◆ Task description:
Whatever precedes the line containing "Koalakiddvdspine" is not copied; that line and every line after it through the final one below are copied exactly, except pictures.

(Supplied data Opens)

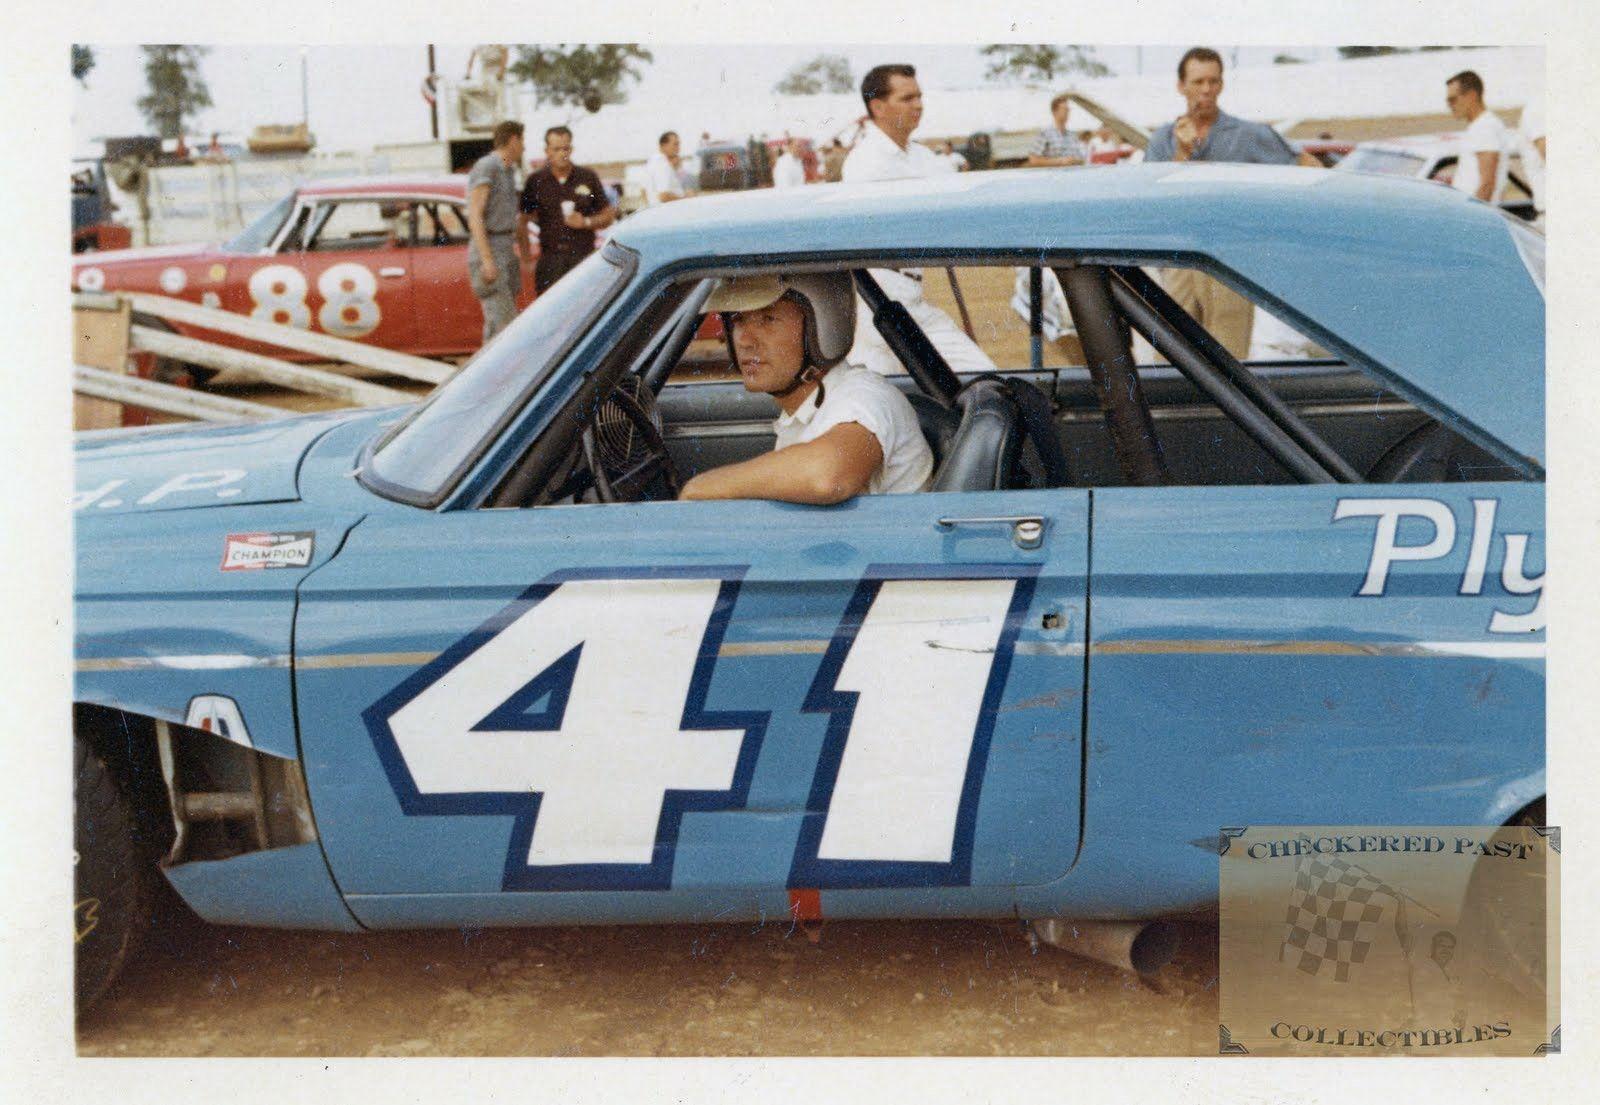 Richard Petty 41 Drag Racing Cars Classic Racing Richard Petty
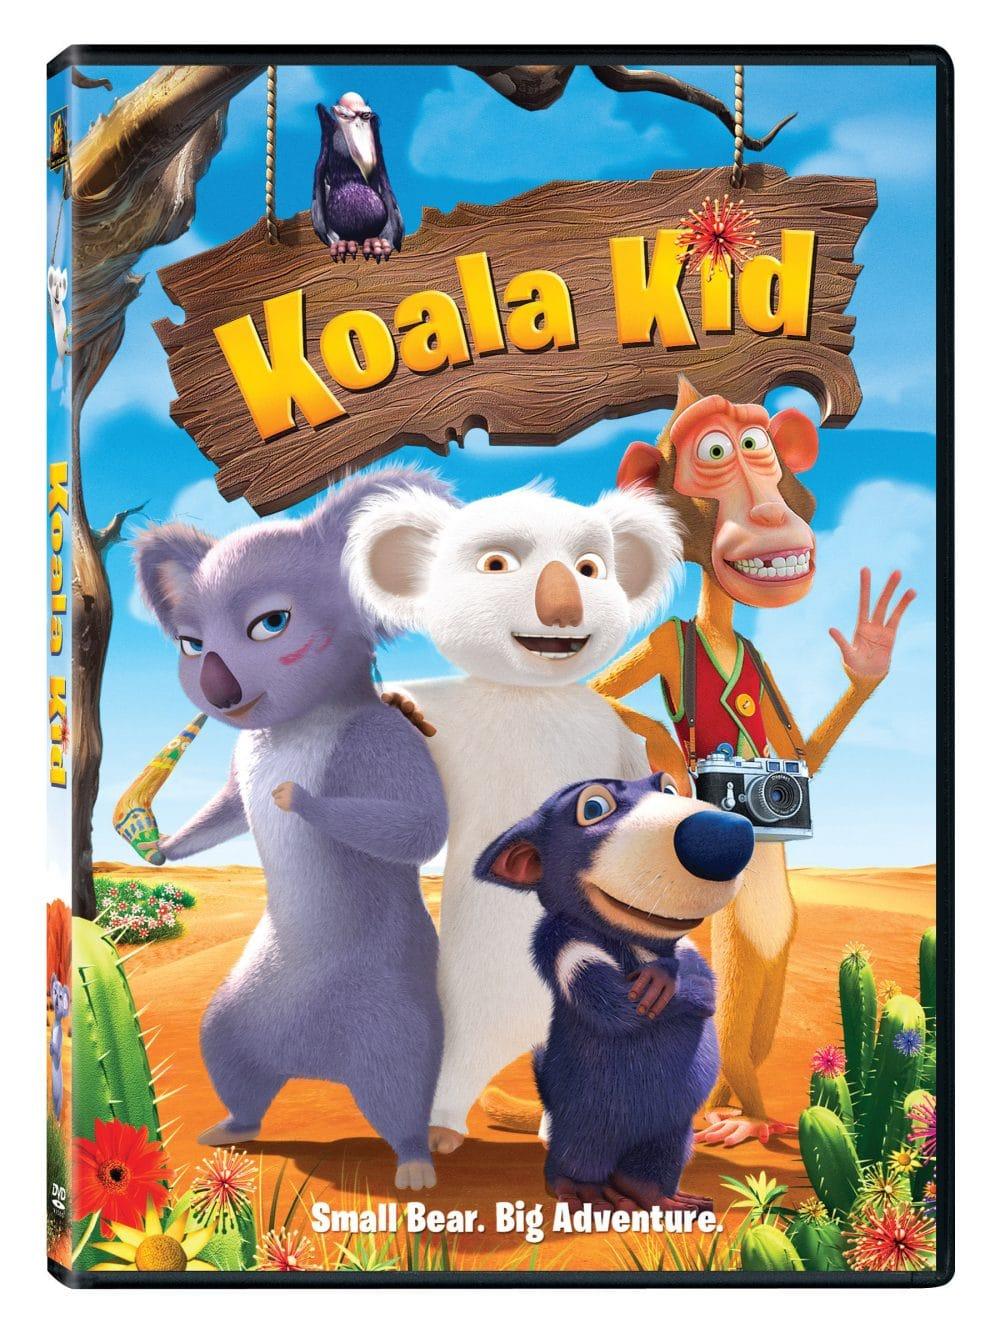 Koalakiddvdspine
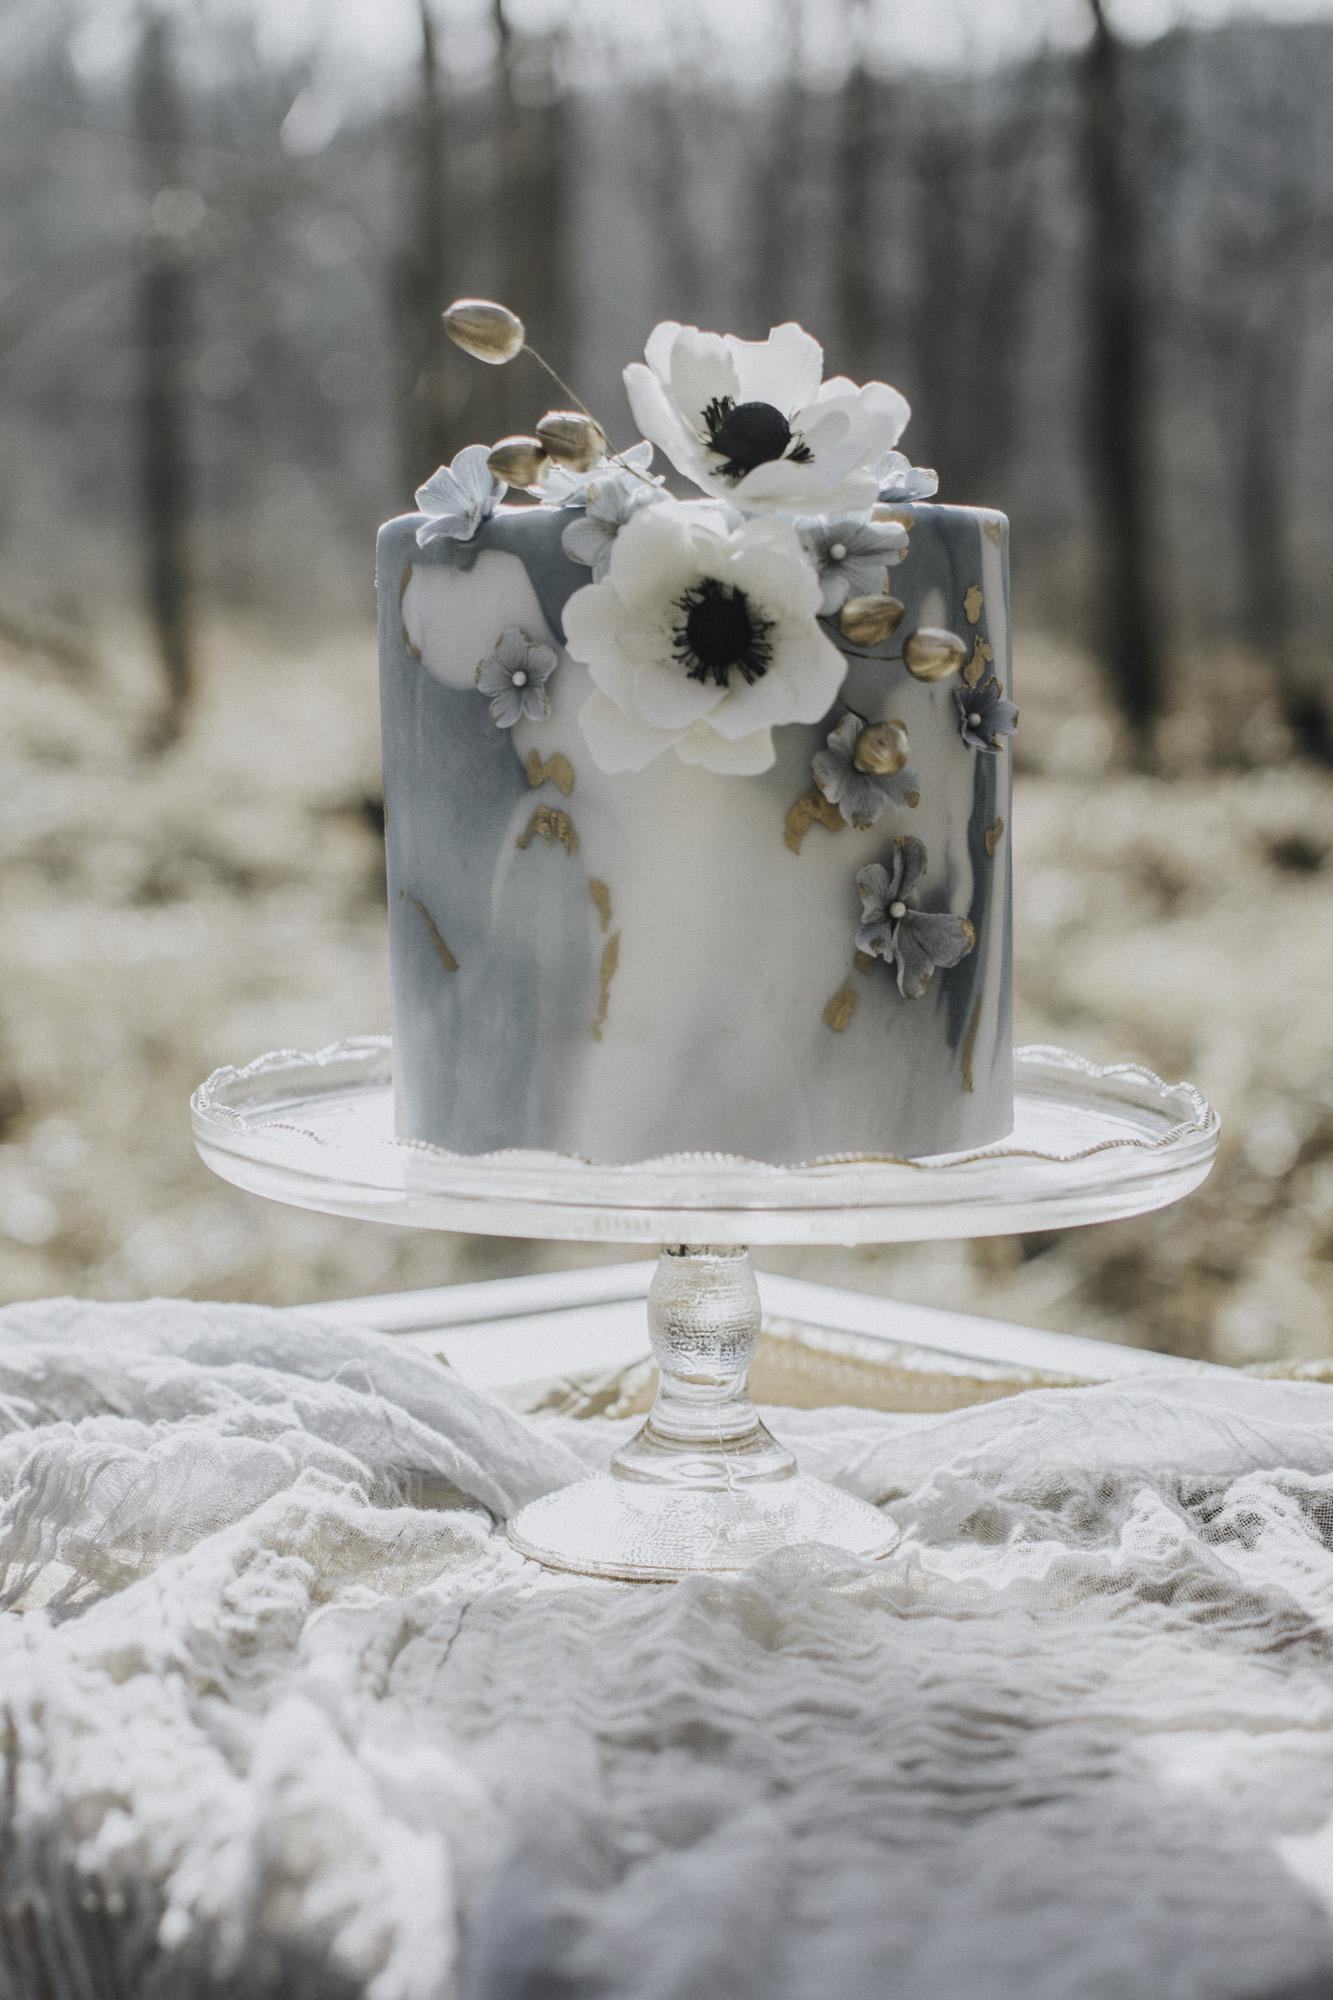 Cate_Ann_Photography_Dayton_Ohio_Wedding_Elopement_And_Engagement_PhotographerDSC_5531.jpg
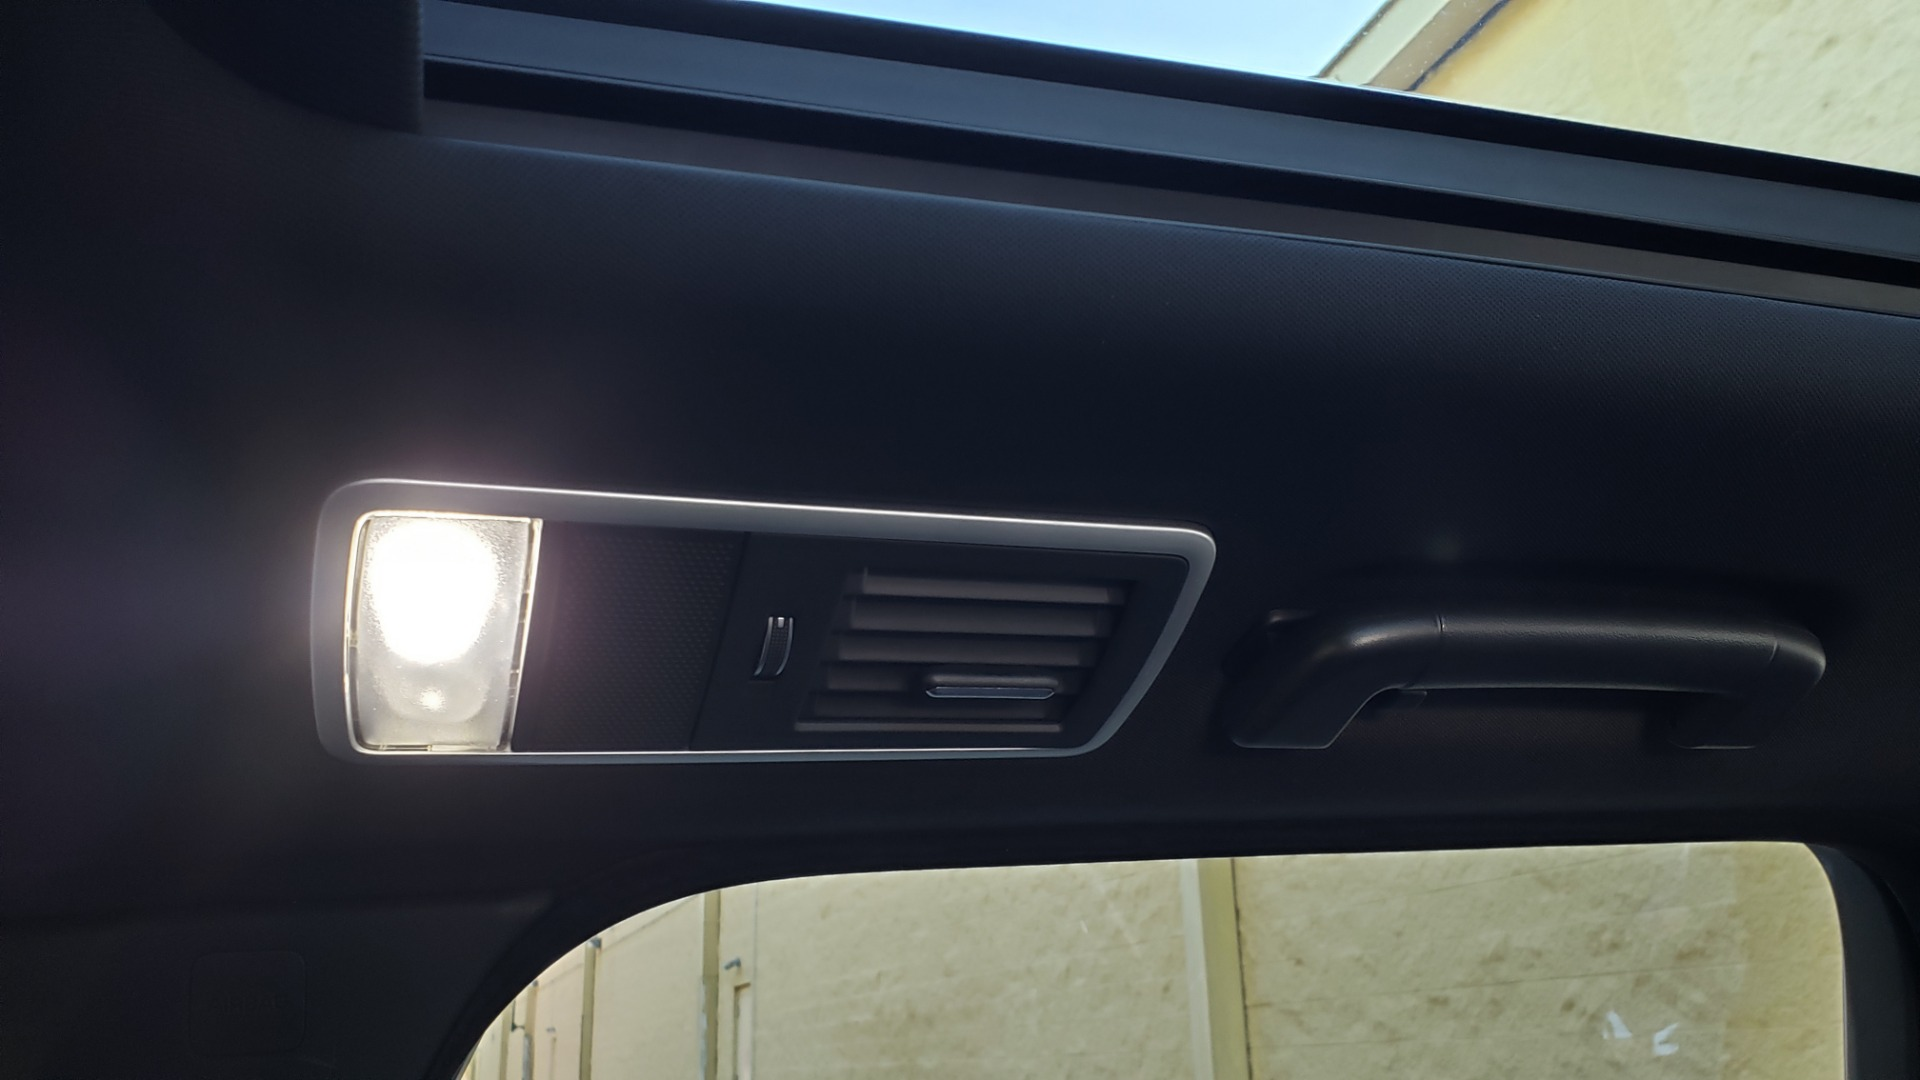 Used 2018 Land Rover RANGE ROVER SPORT DYNAMIC SC V8 / CLIMATE CMFRT / VISION ASST / MERIDIAN for sale Sold at Formula Imports in Charlotte NC 28227 91

(Supplied data Closes)

◆ Written response:
 Koalakiddvdspine
 Cate_Ann_Photography_Dayton_Ohio_Wedding_Elopement_And_Engagement_PhotographerDSC_5531.jpg
 Used 2018 Land Rover RANGE ROVER SPORT DYNAMIC SC V8 / CLIMATE CMFRT / VISION ASST / MERIDIAN for sale Sold at Formula Imports in Charlotte NC 28227 91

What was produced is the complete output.